Work task:
With the pictures left out, copy the listing below exactly.

Information shown:
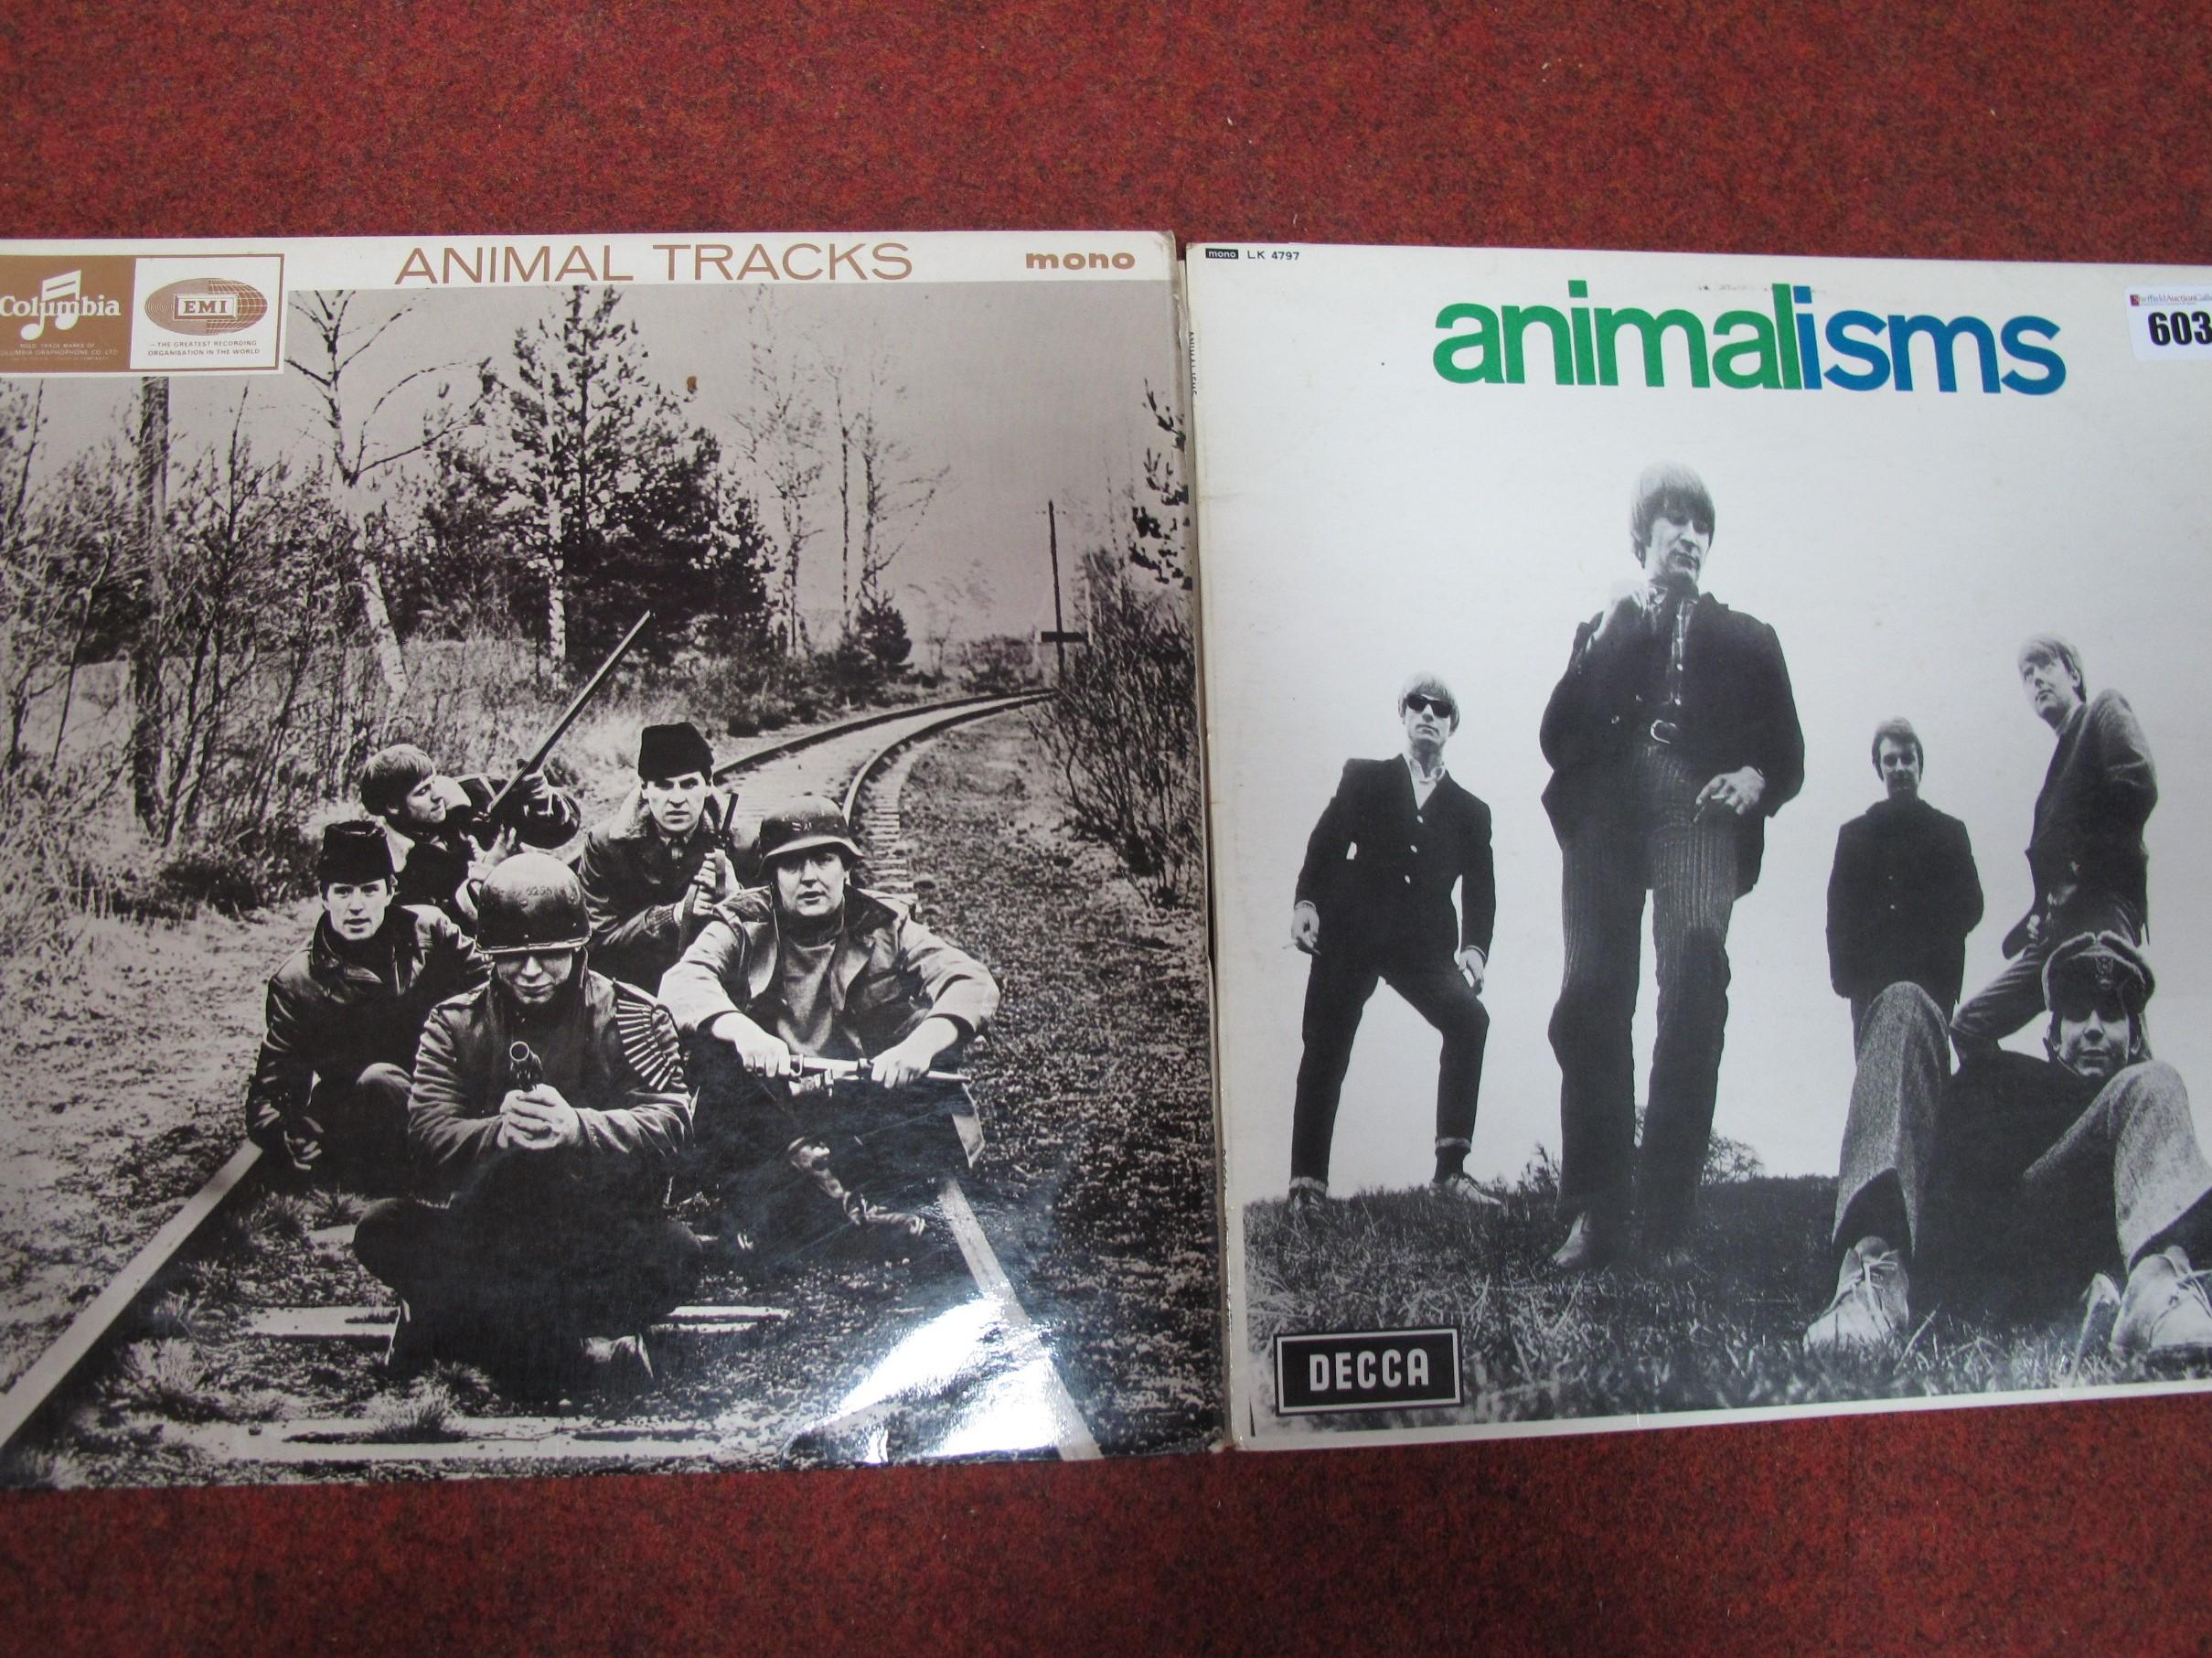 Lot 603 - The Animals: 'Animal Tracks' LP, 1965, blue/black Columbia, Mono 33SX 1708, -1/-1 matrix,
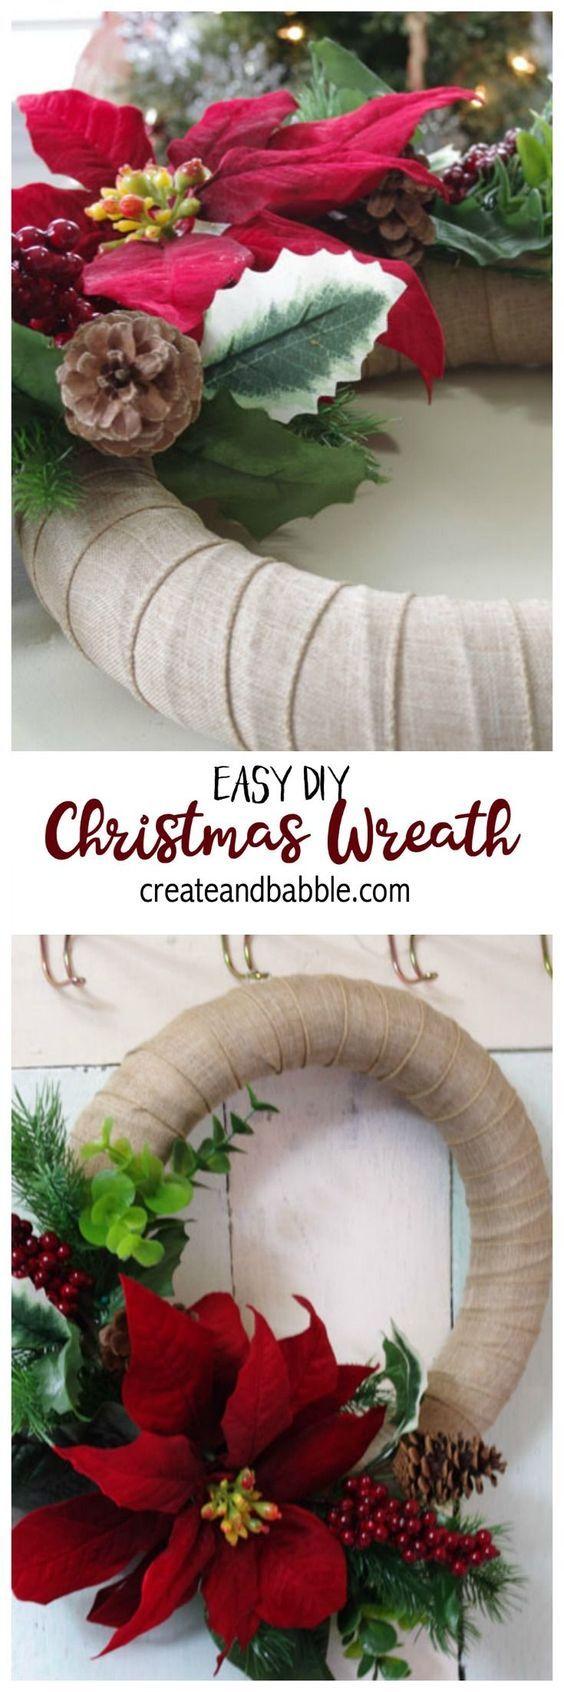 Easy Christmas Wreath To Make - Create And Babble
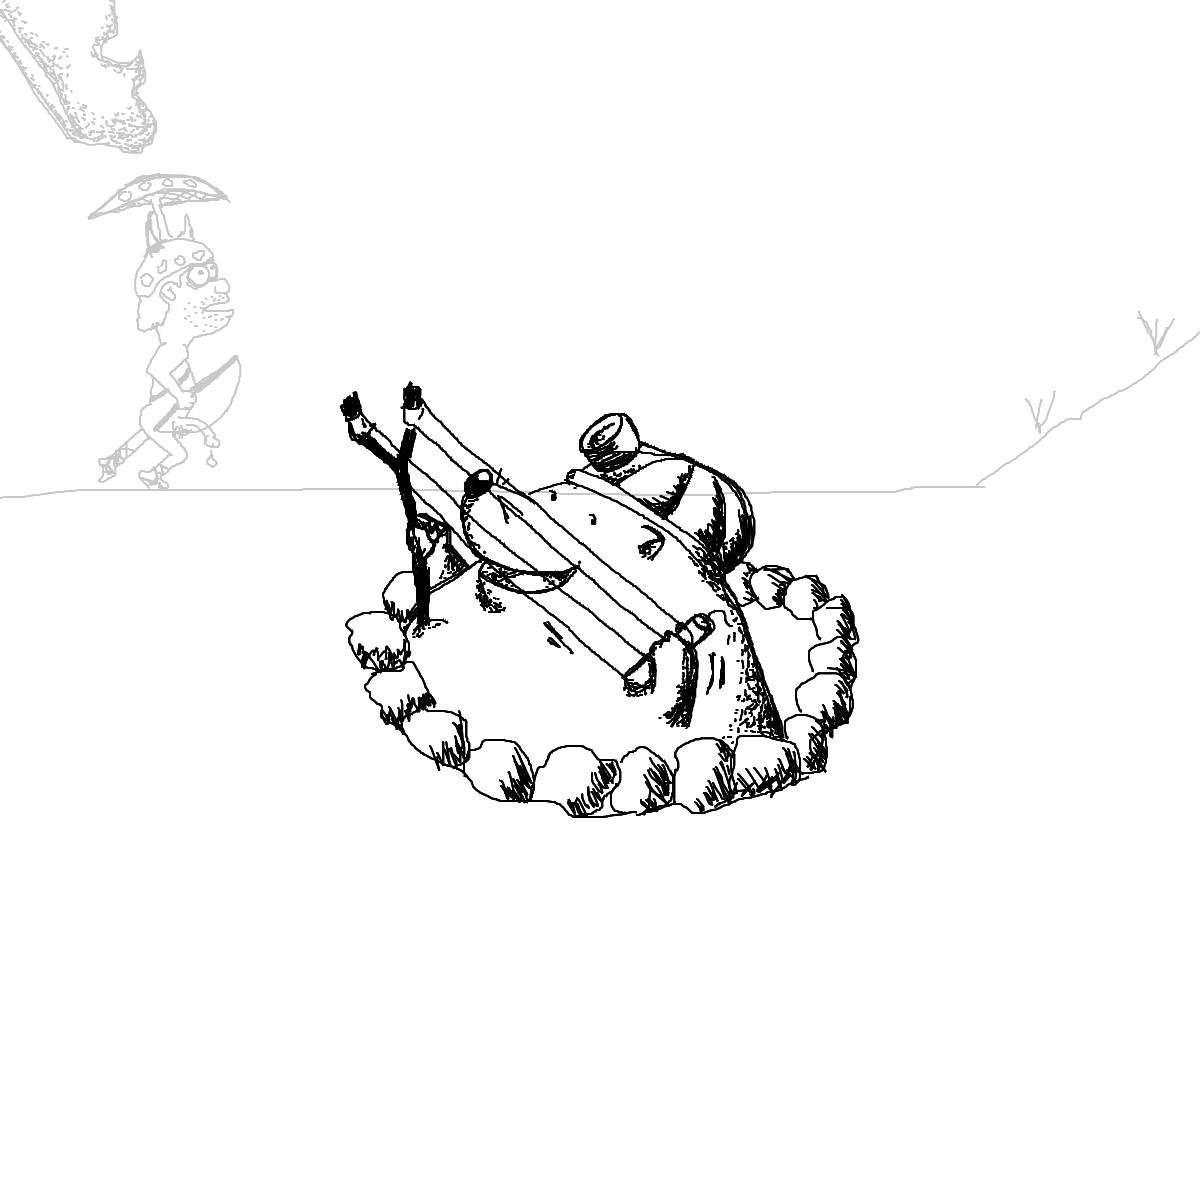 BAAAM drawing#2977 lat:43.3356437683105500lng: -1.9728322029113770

Solution:
 Lot 603 - The Animals: 'Animal Tracks' LP, 1965, blue/black Columbia, Mono 33SX 1708, -1/-1 matrix,
 Easy Christmas Wreath To Make - Create And Babble
 BAAAM drawing#2977 lat:43.3356437683105500lng: -1.9728322029113770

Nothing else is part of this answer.